Cheminer... Les yeux au sol ou le nez au vent. La tête à la renverse, boire la pluie. Vers l'horizon, lambiner un peu ou avancer d'un bon pas. Tant bien que vaille. Métaphore connue de la vie que celle du chemin. Les chanceux ou les insouciants ont la foulée légère, joyeuse ; les meurtris marchent de guingois et chaque pas leur coûtent. Mais le chemin, les marcheurs le savent, est élastique. Celui parti le plus tôt, à cette heure du jour où la terre fusionne avec le ciel, n'est pas forcément celui qui rejoindra l'étape le premier. Il sera dépassé plusieurs fois. La fatigue le terrassera. Désespéré, il pensera parfois s'être égaré. Ses chemins de traverse et sa lenteur seront salvateurs. Lui se trouvera, quand les pressés n'auront rien vu, rien compris ; ni la puissance mystérieuse des contrées qu'ils traversaient, ni cet arbre dont le feuillage miroitait dans le soleil et qui leur faisait signe.
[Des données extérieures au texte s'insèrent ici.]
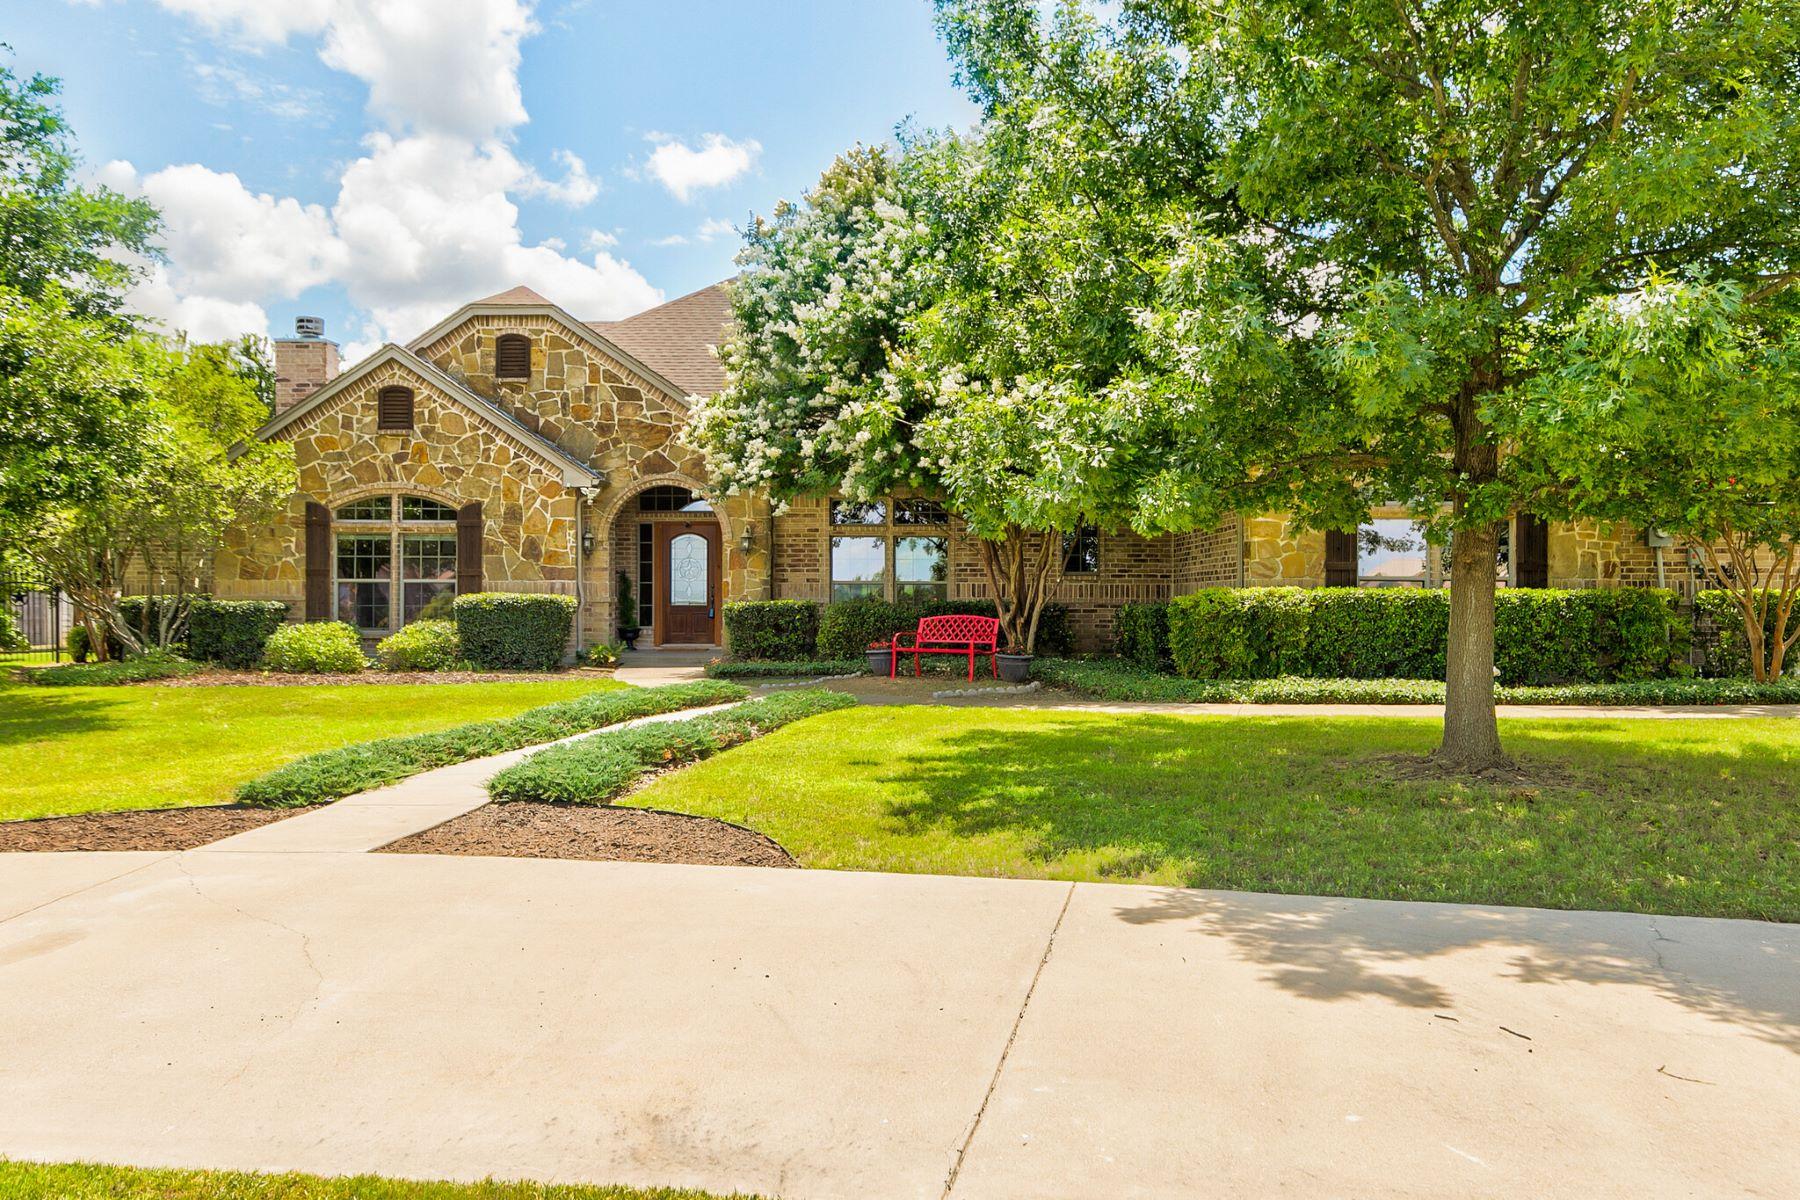 Single Family Homes for Sale at Gorgeous Home in Aledo ISD 119 Silver Ridge Lane Aledo, Texas 76008 United States

Un chemin, parmi tous, mène à Rome. Il part de Canterbury et traverse tranquillement la France et l'Italie. C'est la via Francigena. Il cammino, disent les Italiens. Chemin solaire parsemé d'oliviers argentés, de vignes et de cyprès dressés comme des cierges à l'horizon. Les zones les plus sauvages abritent encore de vieux châtaigniers aux racines extravagantes, au tour de taille généreux qui rempliront d’allégresse les adeptes du tree hugging. San Vivaldo et les ermites du XIVème siècle choisissaient de vivre dans leur creux, et à l'abri de leur gangue végétale, méditaient sur l'Arbre de la Vie et sur le premier homme, pétri d'argile, venu de la terre.
Soudain, nous nous arrêtons devant certains arbres, éblouis. Et nous aimerions nous mettre à genoux.